HMG-CoA reductase
Pitavastatin calcium, a novel member of the medication class of statins, is a calcium salt formulation of pitavastatin which is a highly effective HMG-CoA reductase inhibitor.
Pitavastatin calcium, a novel member of the medication class of statins, is a calcium salt formulation of pitavastatin which is a highly effective HMG-CoA reductase inhibitor.
Target: HMG-CoA reductase, cholesterol esters
Chemical name: (3R,5S,6E)-7-[2-cyclopropyl-4-(4-fluorophenyl)-3-quinolinyl]-3,5-dihydroxy-6-heptenoic acid,calcium salt (2:1)
Formula: C50H46CaF2N2O8
Molecular weight: 880.98
Size: 200 mg
Purity: 99.53 %
Solubility: 51 mg/mL (DMSO)
Storage: 3 years -20°C powder, 2 years -80°C in solvent
In vitro:
Pitavastatin significantly reduces both intracellular levels and synthesis of cholesterol esters. Pitavastatin is found to enhance LDL-receptor expression in vitro, as well as the amount of LDL binding to the LDL-receptor. Pitavastatin also exhibits more potent induction of LDL receptor mRNA expression compared with simvastatin and atorvastatin. Pitavastatin has many pleiotropic effects in vitro and in vivo, including deterring progression of atherosclerosis via inhibition of thromboxane synthesis, inhibition of migration/proliferation of vascular smooth muscle cells induced by angiotensin II, and stabilization of atherosclerotic plaque. [1] Pitavastatin is able to activate PPARα and induce HDL apoA-I through inducing inhibition of the Rho-signaling pathway. [2] Pitavastatin (1 μM) treatment for 48 h is able to enhances bone morphogenetic protein-2 BMP-2 (2.5-fold) and osteocalcin (10-fold) expression by inhibition of Rho-associated kinase in human osteoblasts[3]. Pitavastatin inhibits growth and colony formation of liver cancer Huh-7 cells and SMMC7721 cells. It induces arrest of liver cancer cells at the G1 phase. Increased proportion of sub-G1 cells is observed after pitavastatin treatment. Pitavastatin promotes caspase-9 cleavage and caspase-3 cleavage in liver cancer cells. Pitavastatin could regulate NF-κB and anti-inflammation in hepatocellular carcinoma cells. Pitavastatin could induce autophagic cell death in glioma cells and promote sensitivity of cells to radiotherapy.

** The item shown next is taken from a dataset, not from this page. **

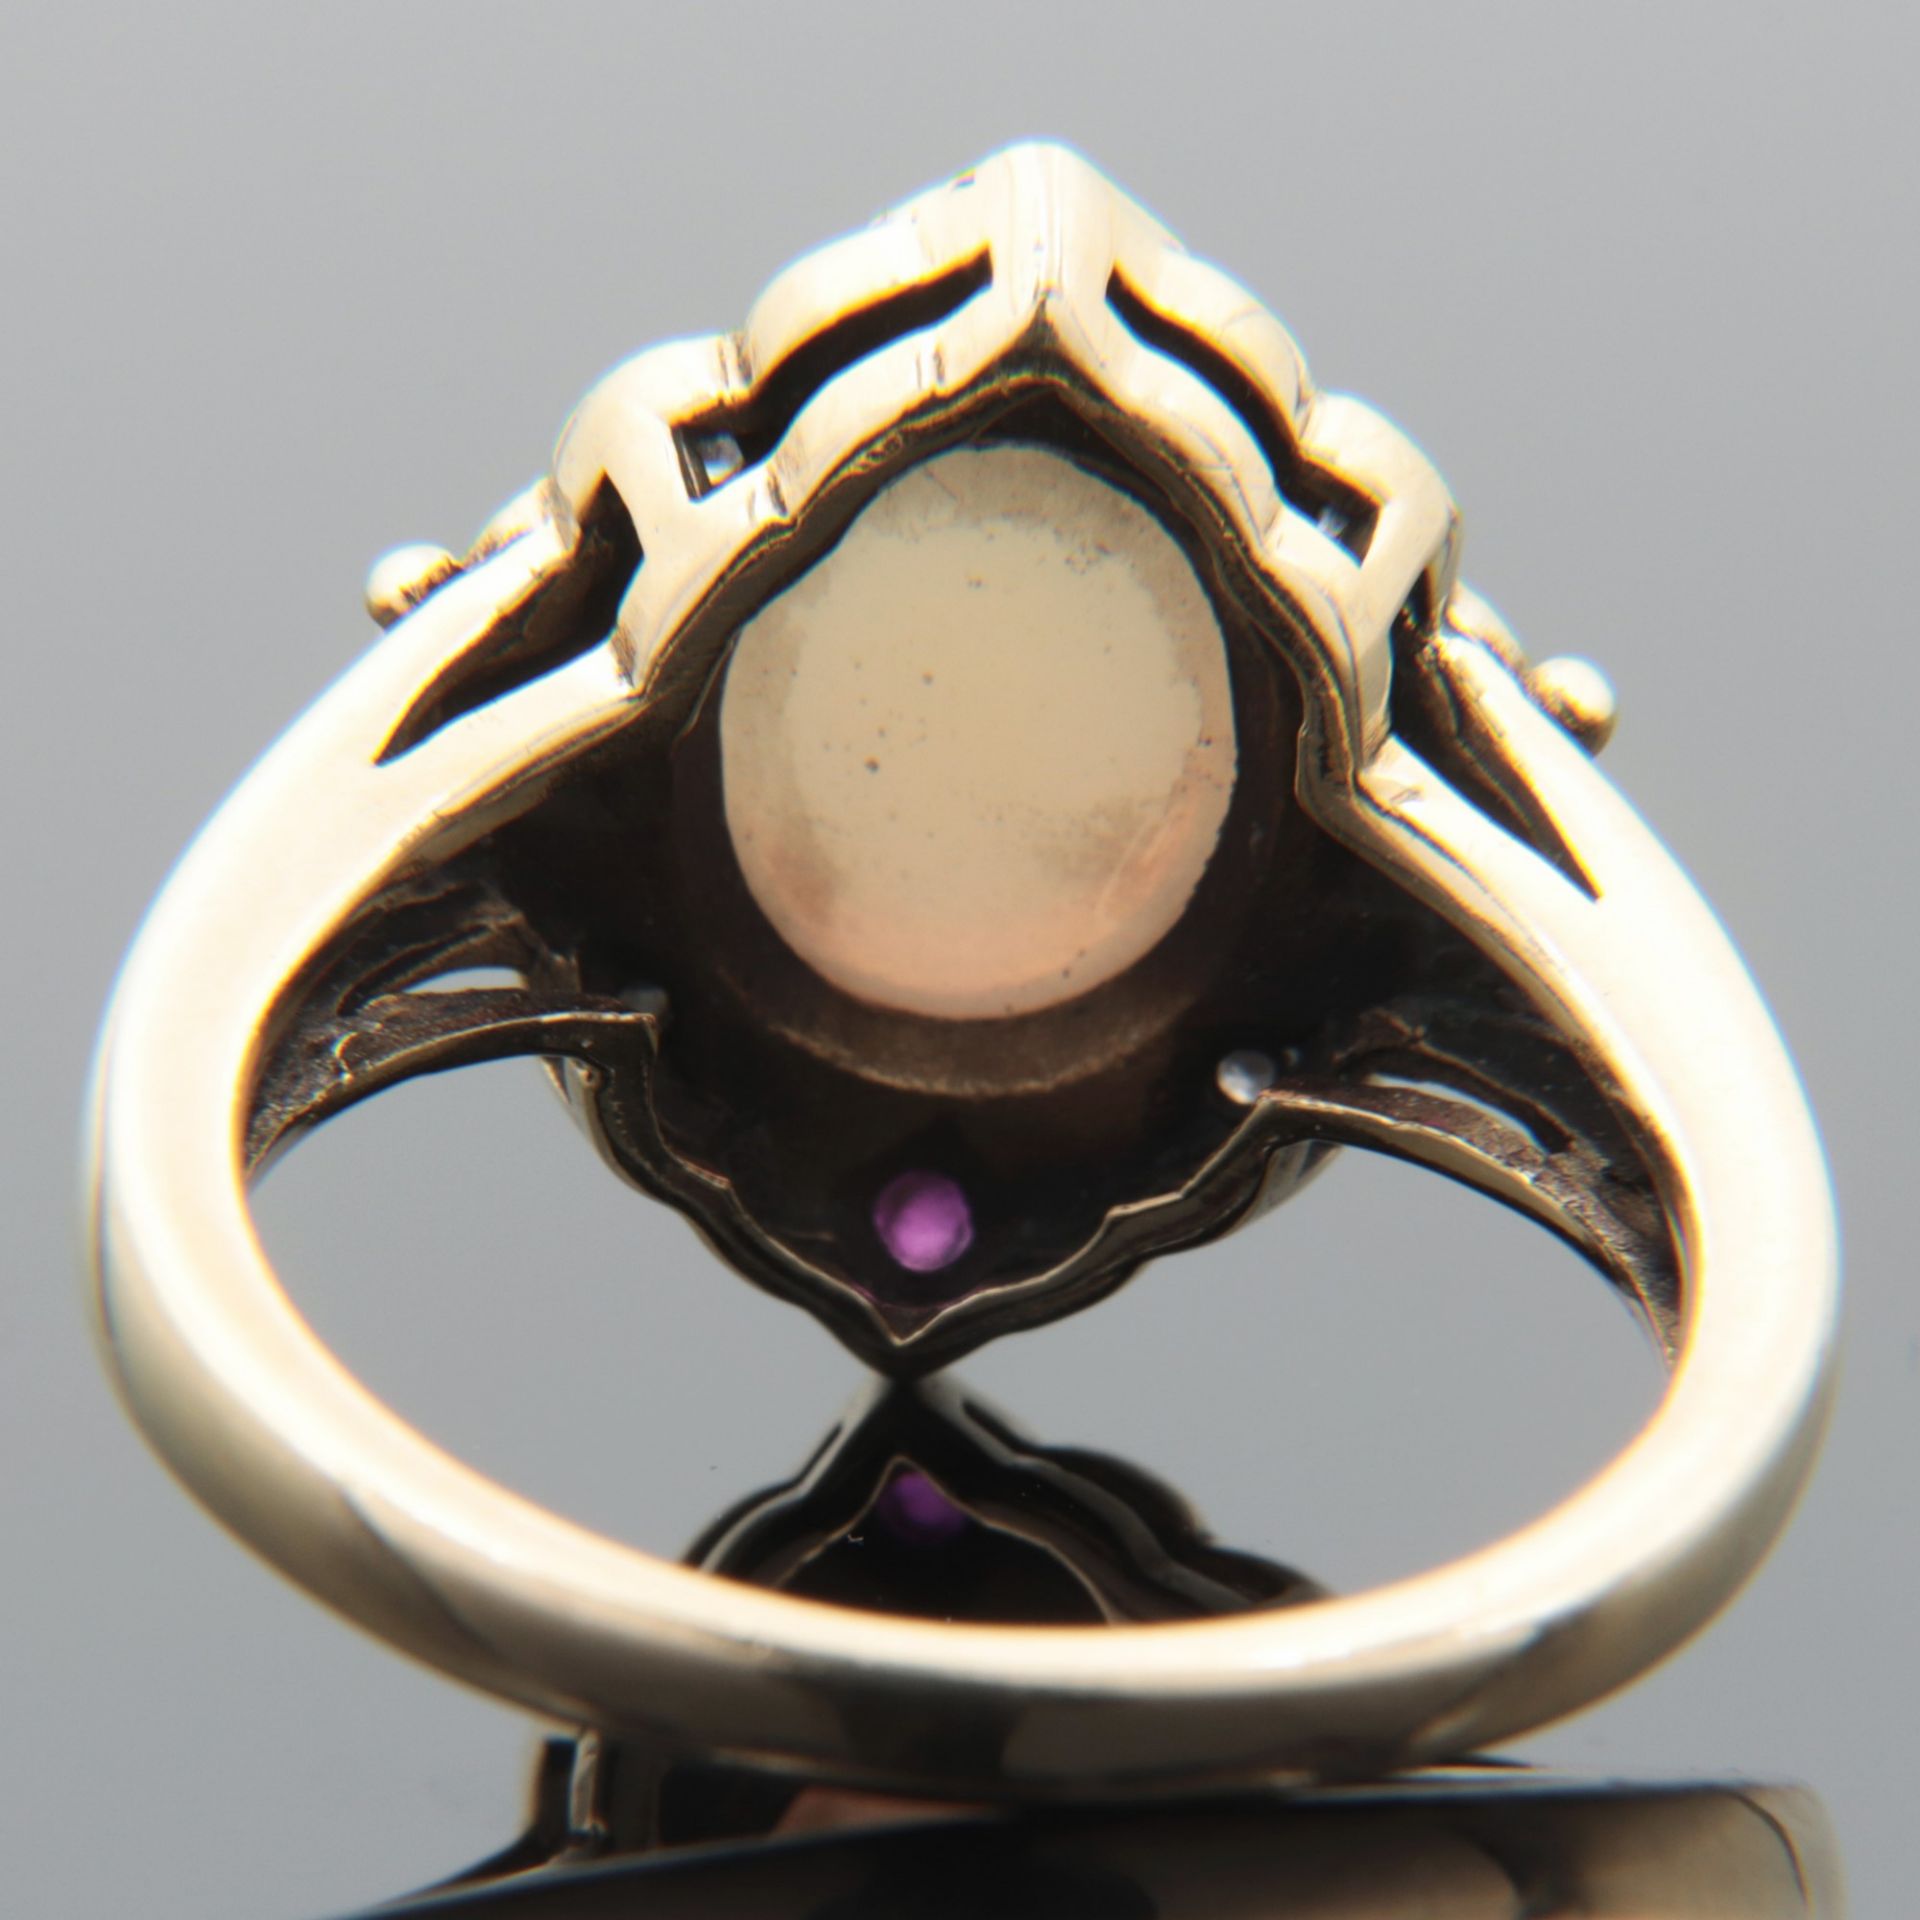 Diamant/Opal - Damenring GG 375, leicht rautenförmiger Ringkopf, mittig besetzt mit einem Opal- - Bild 4 aus 6

It could inhibit cell proliferation and induce cell apoptosis in cholangiocarcinoma cells as well[5].
In vivo:
Pitavastatin decreases the tumor growth and improved the survival of tumor-bearing mice[5]. Pitavastatin exerts a protective effect on dilated cardiomyopathy possibly through down-regulating the circulating and local RAS, followed by inhibition of PKCb2 phosphorylation, and consequently promoting the phosphorylation of PLB as well as the activity and the expressions of SERCA2a and RyR2, whereby heart function is preserved in the development of DCM[6].
References:
[1] Ahmad H, et al. Cardiol Rev, 2010, 18(5):264-267.

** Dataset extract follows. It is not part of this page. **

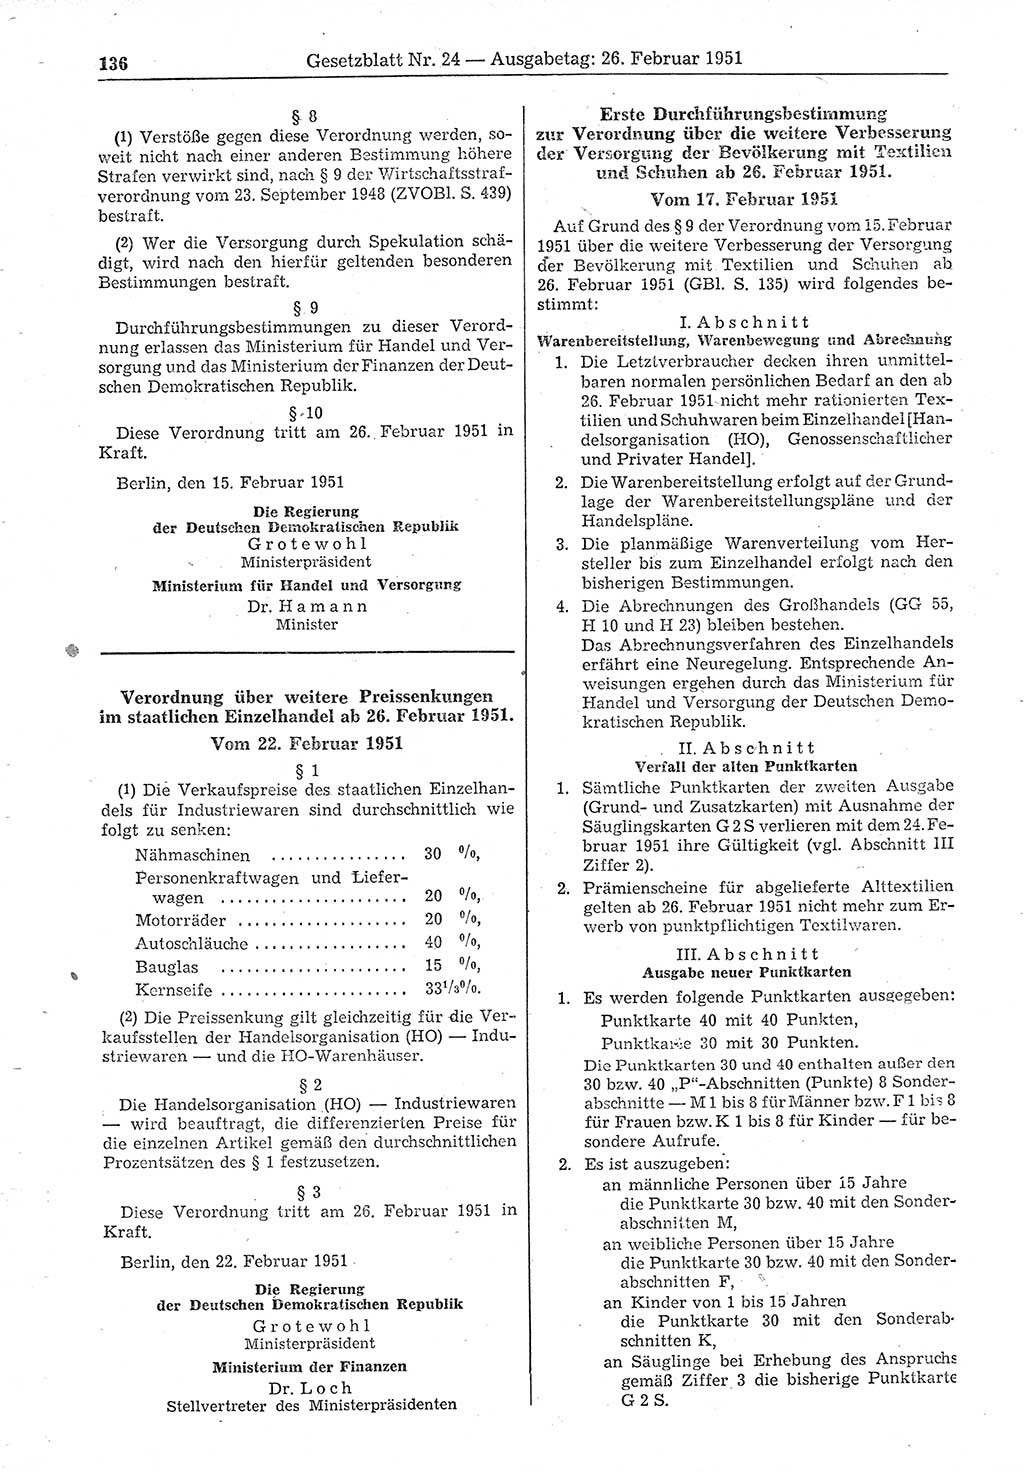 Gesetzblatt (GBl.) der Deutschen Demokratischen Republik (DDR) 1951, Seite 136 (GBl. DDR 1951, S. 136)

[2] Martin G, et al. J Clin Invest, 2001, 107(11), 1423-1432.
[3] Ohnaka K, et al. Biochem Biophys Res Commun, 2001, 287(2), 337-342.
[4] Olsson AG, et al. Cardiovasc Drug Rev. 2002, 20(4):303-28.
[5] You HY, et al. Onco Targets Ther. 2016, 9:5383-8.
[6] Hu W, et al. Acta Pharm. 2014, 64(1):105-15.